▶ GIVEN DATA:
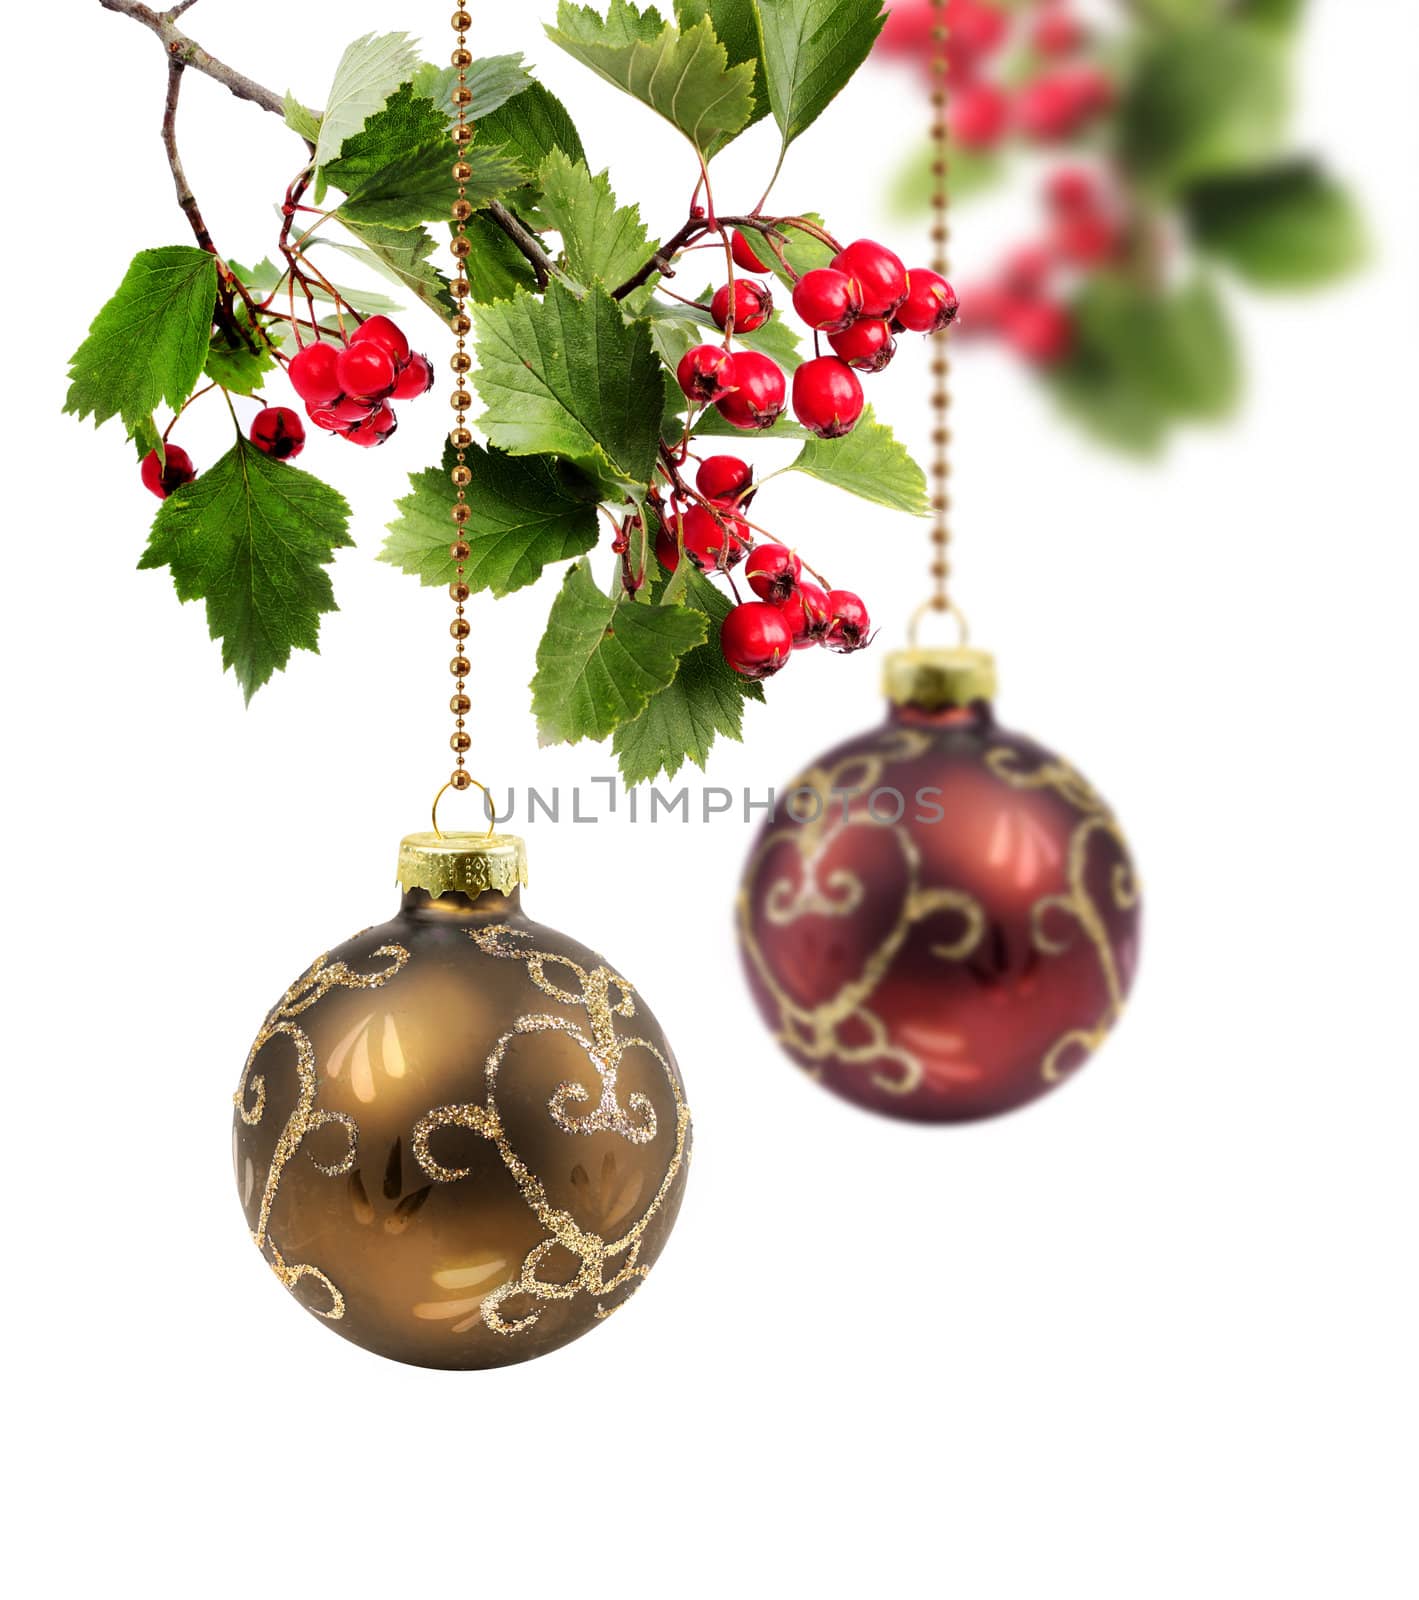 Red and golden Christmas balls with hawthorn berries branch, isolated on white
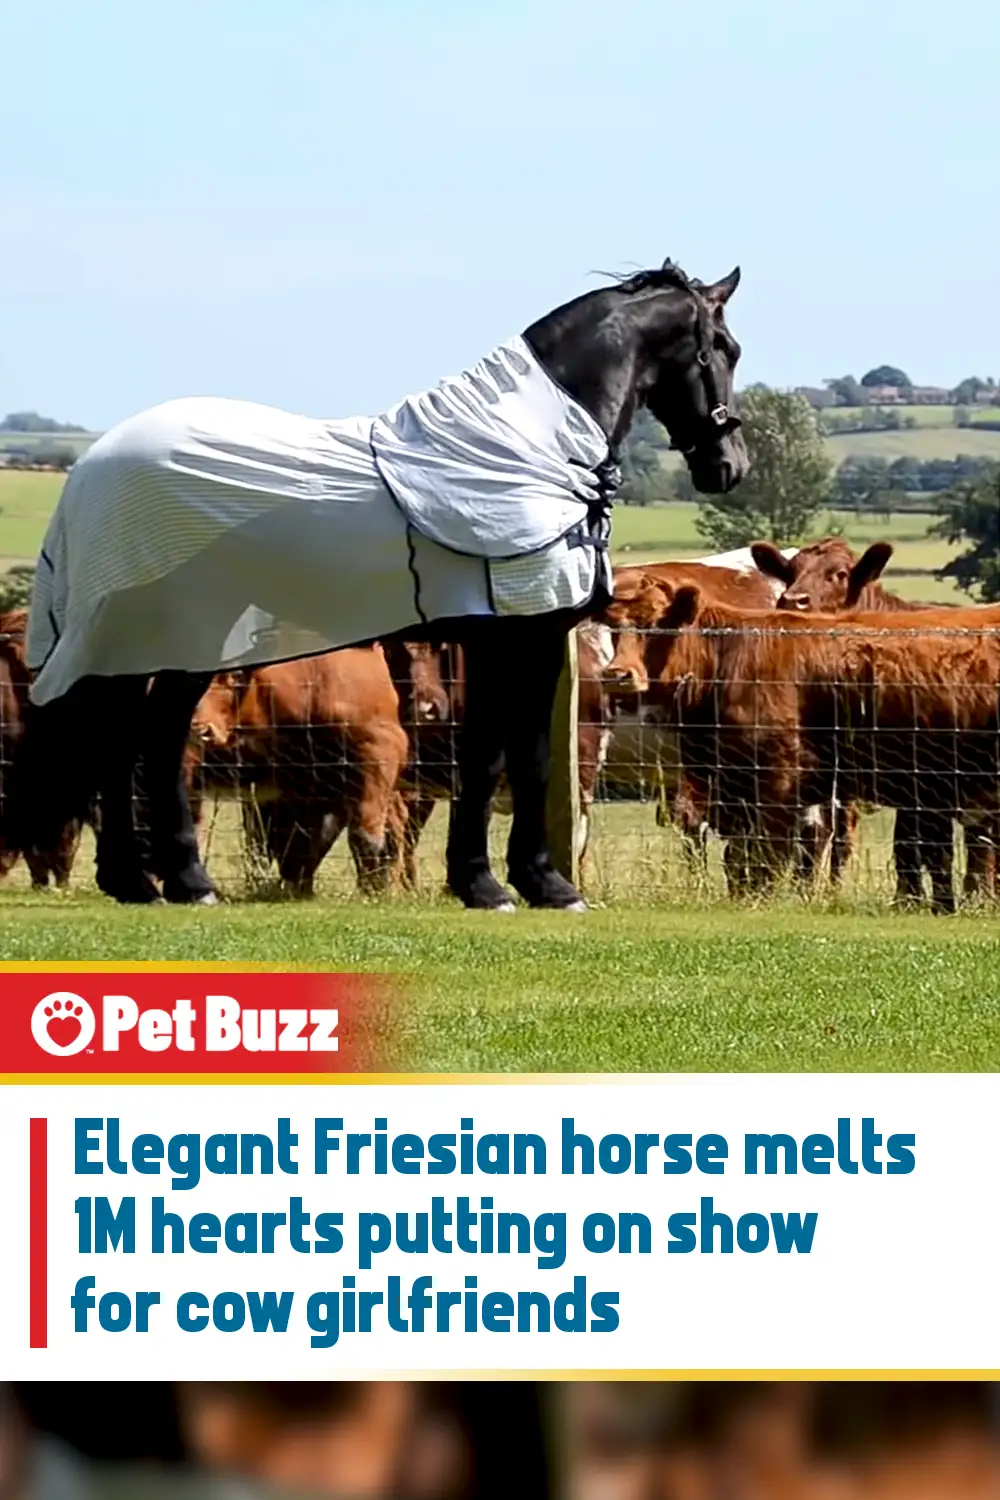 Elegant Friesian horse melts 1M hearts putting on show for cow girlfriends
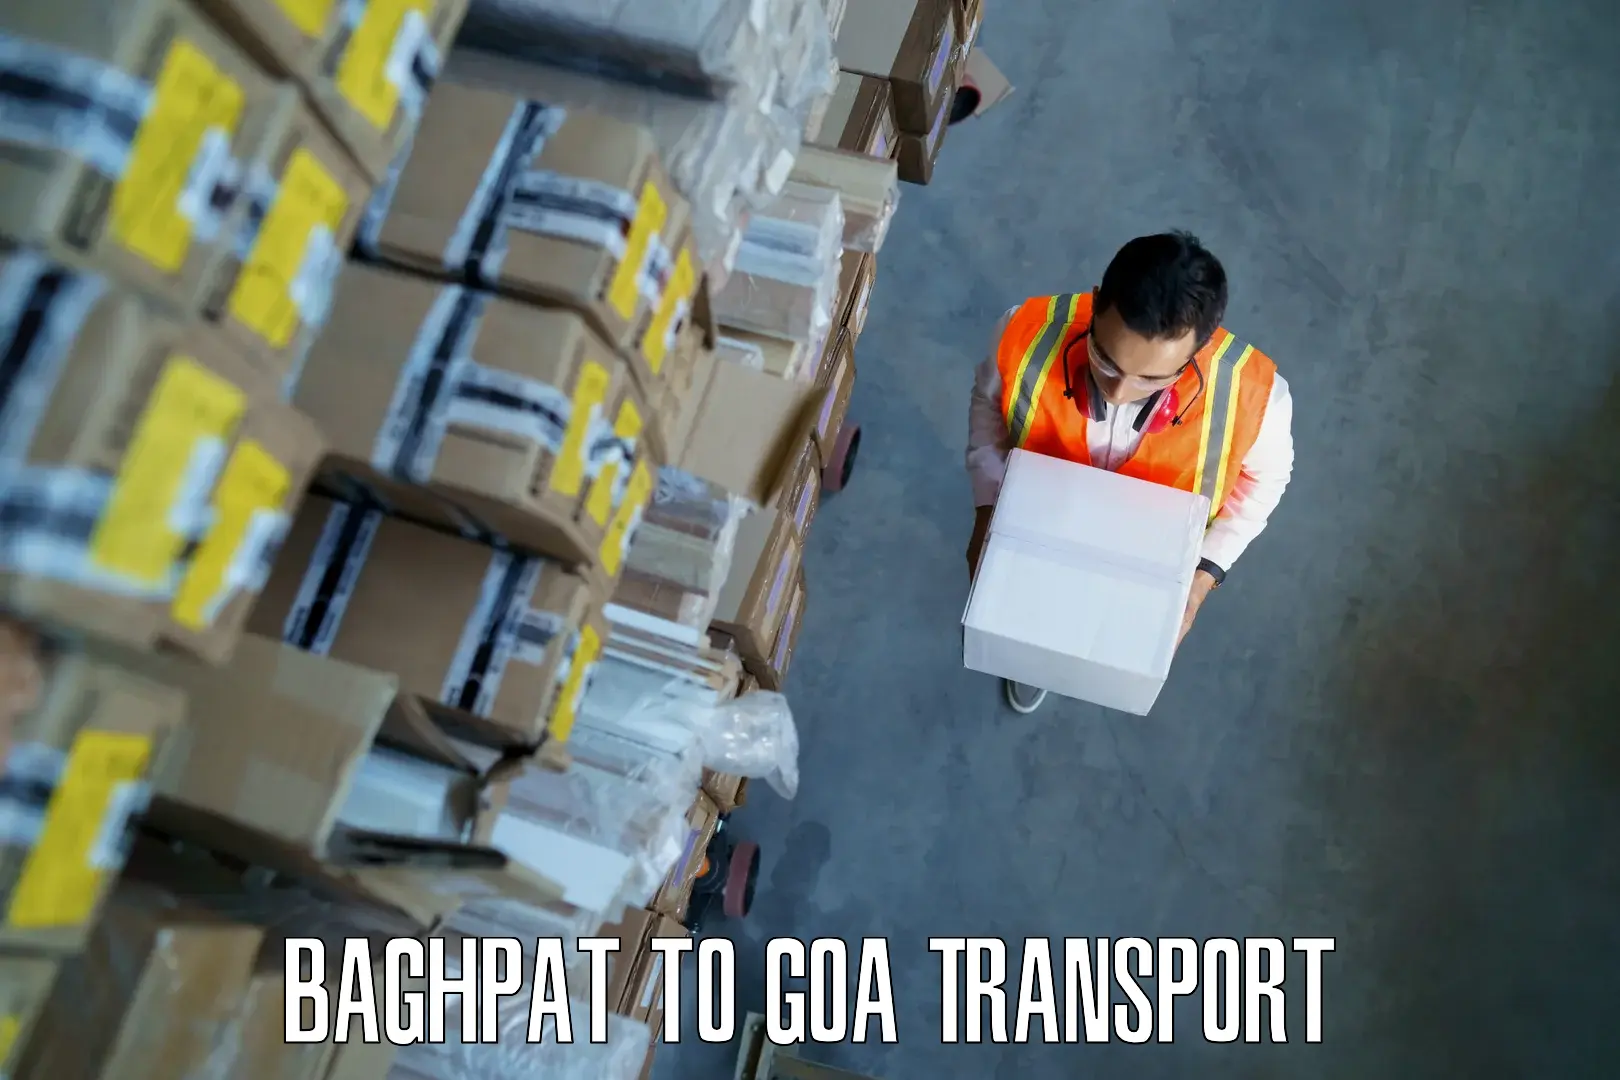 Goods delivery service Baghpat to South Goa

▶ TASK PROMPT:
With the images excluded, reproduce the data above precisely as written.

▶ OUTPUT FOR THIS TASK:
 Red and golden Christmas balls with hawthorn berries branch, isolated on white
 Elegant Friesian horse melts 1M hearts putting on show for cow girlfriends
 Goods delivery service Baghpat to South Goa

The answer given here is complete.